Should Equality Be A Goal in Sexual Relationships?

I was recently asked about equality in sexual relationships and how you can make your relationships really equal. I share a few thoughts below.

Equality may seem like a reasonable goal when it comes to sexual relationships, but you likely want to be flexible with regard to your definition of equality.

You don’t want equality to necessarily refer to sameness. For example, you can achieve relative equality even if one person has more orgasms. Similarly, if you go down on your partner or initiate sex more often, these may not be signs of inequality, but simply indications of personal preference. It can certainly be problematic when one person is disproportionately tasked with initiating sex, but in some cases this works for both partners and is equally fulfilling.

You likely don’t want equality to be measured by keeping score of sexual advances or efforts. Oftentimes our perception of what we give versus what we take is biased — especially when we are keeping score or responding to sexual resentment (our own or our partner’s).

If you are aiming for equality in your sexual relationship, note that no specific encounter, day, week, or month will be split perfectly down the middle. Try to look at the big picture over the course of the relationship as opposed to a snapshot in time. For example, if your partner is working long hours to start a business, they may less inclined to initiate sex, so you can help by putting them in the mood in a manner that suits their desires.
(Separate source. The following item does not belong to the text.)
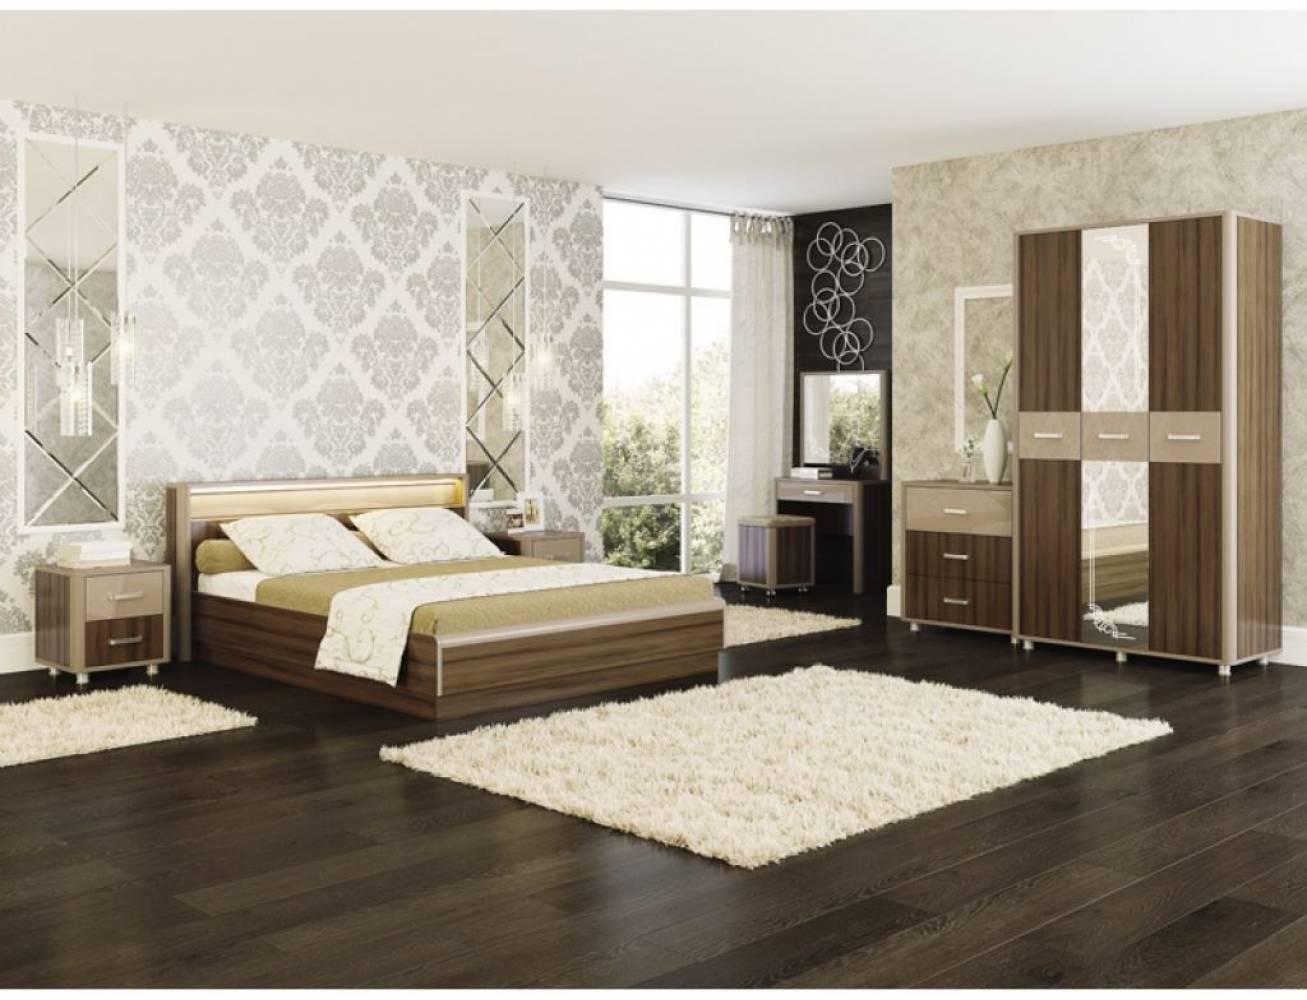 Спальня Оливия. Комплект 4

If you’re not in the mood for sex because of family stress, they can take more responsibility for helping to to relax and maintain intimacy — sexual and otherwise.
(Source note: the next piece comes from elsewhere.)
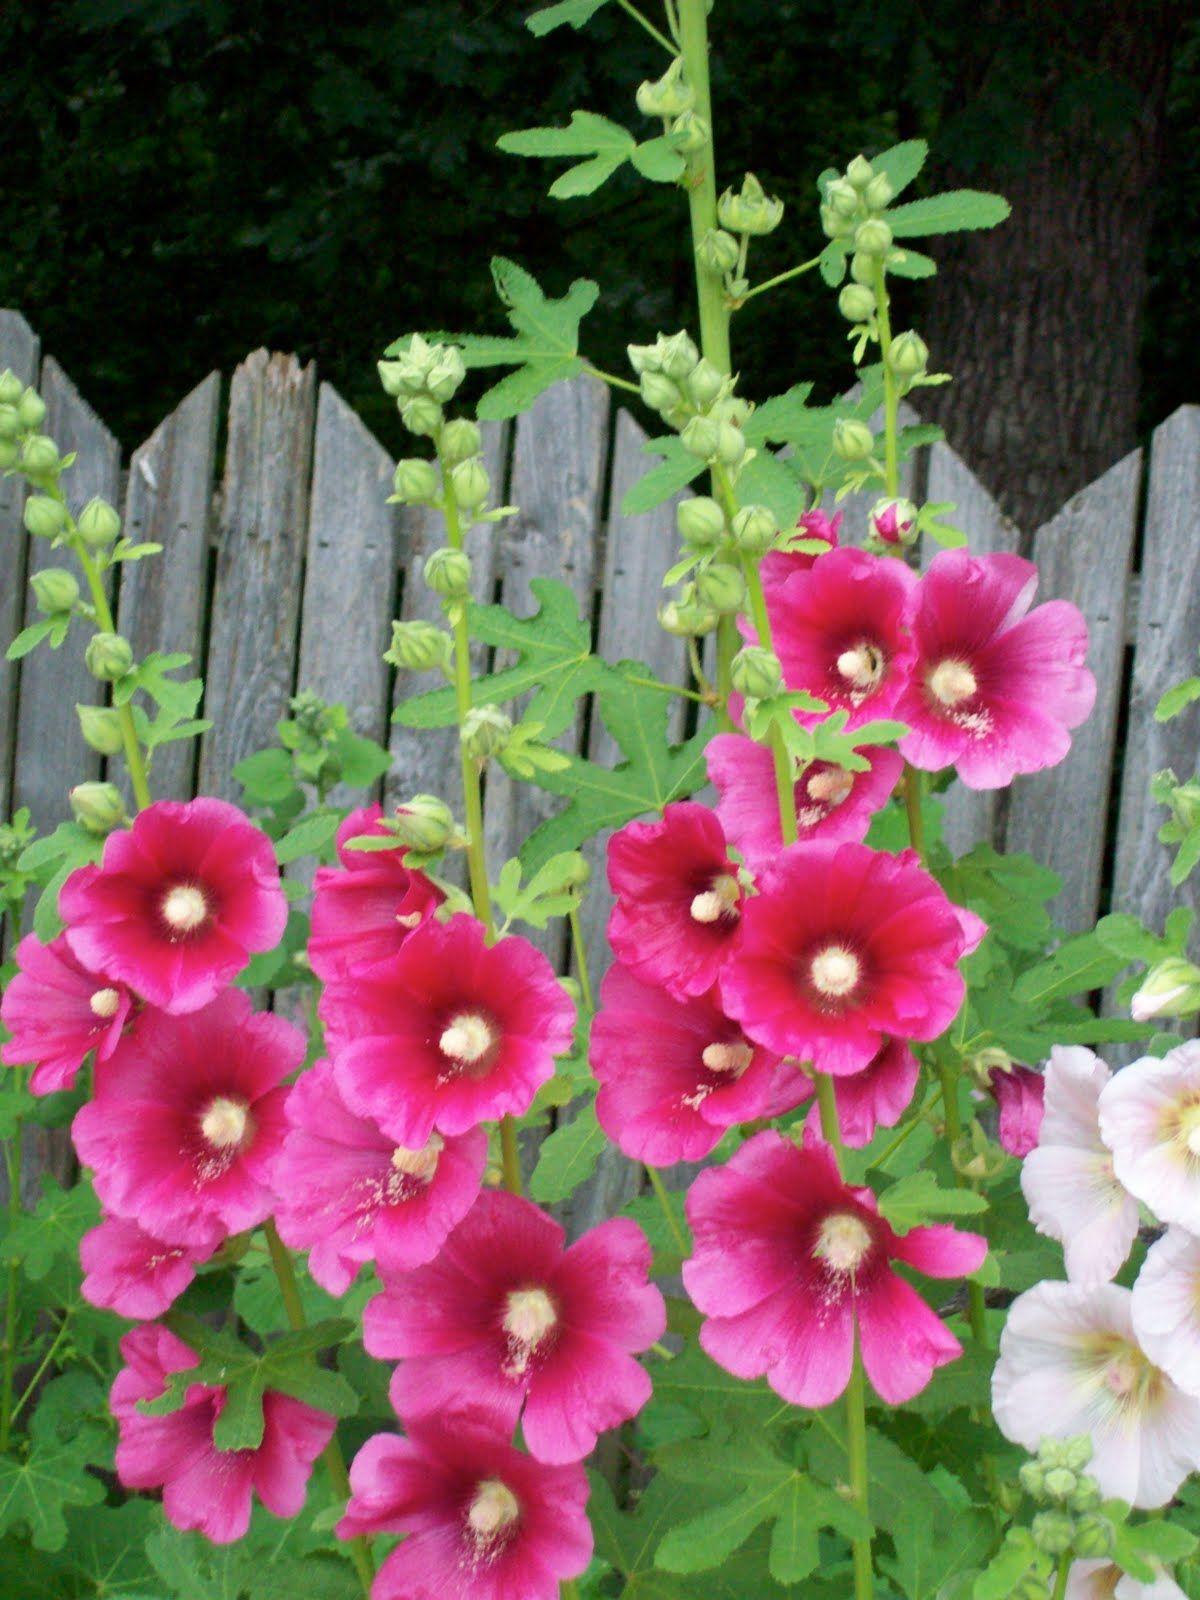 Holly Hocks Seeds

Oftentimes equality in the bedroom (or lack thereof) is a reflection of how you interact outside of the bedroom. If you perceive your partner as being ungenerous with regard to household chores, you might be inclined to be ungenerous when it comes to sex. But this tit-for-tat approach is ineffective. You’d be far better off expressing your needs and encouraging them to do the same.
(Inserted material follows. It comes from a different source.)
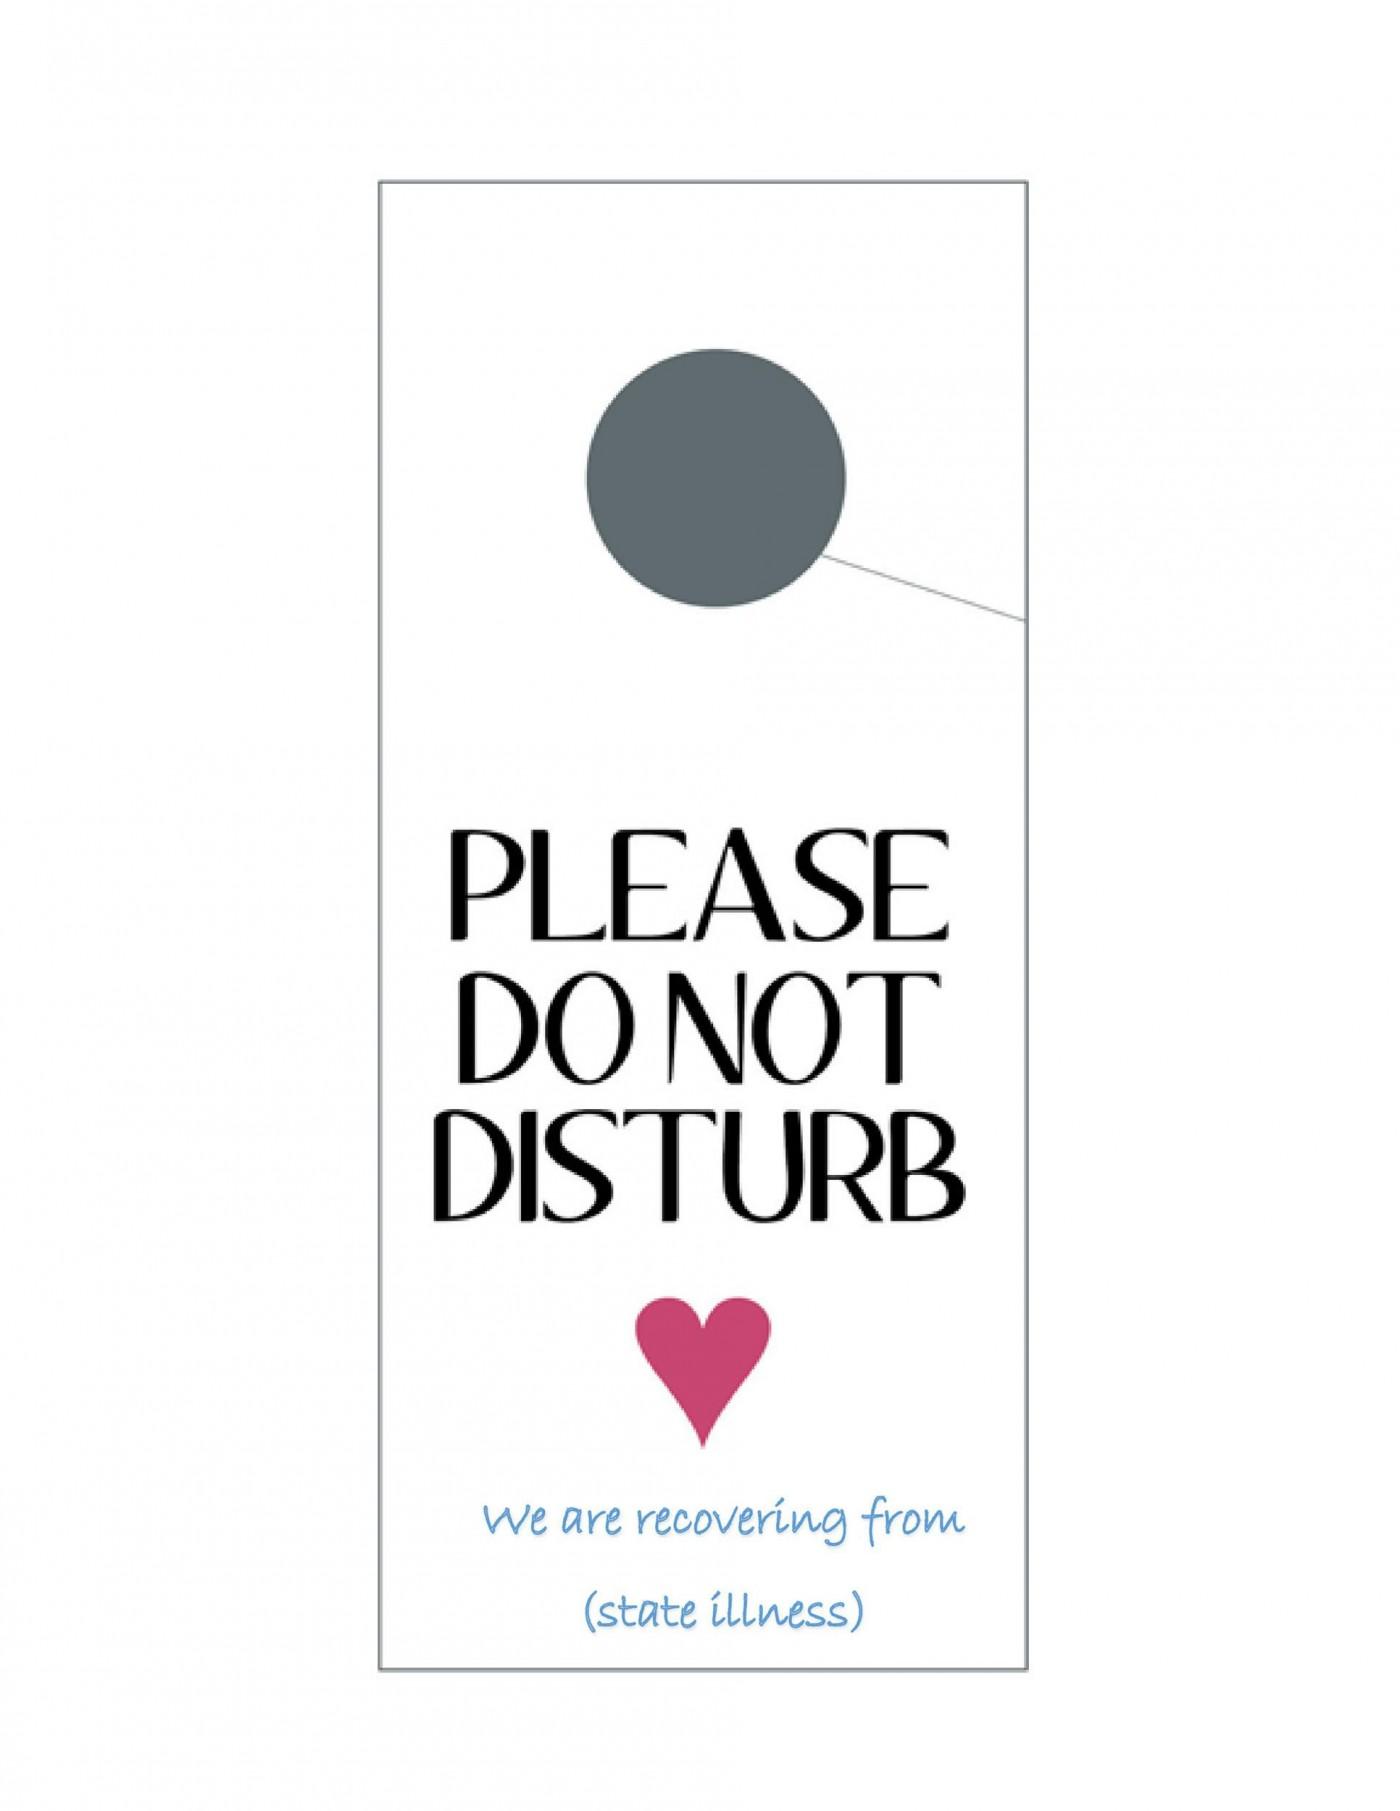 007 Exceptional Blank Door Hanger Template Free Design 1400

In terms of pleasure, I’d be more concerned with assessing individual perceptions of fulfillment/satisfaction as opposed to perceptions of equality. One person may value sex more than the other, so the communication on pleasure and fulfillment on an individual level can be helpful.

Some questions/conversations to consider:

  • How do you feel about our sex life?
  • Is there anything you’d like me to do more of?
  • I’d really like to try _______ with you.
  • Would you like me to initiate more? How do you want to be seduced?
  • What would make sex more emotionally fulfilling for you?
  • How can we make sex more physically fulfilling?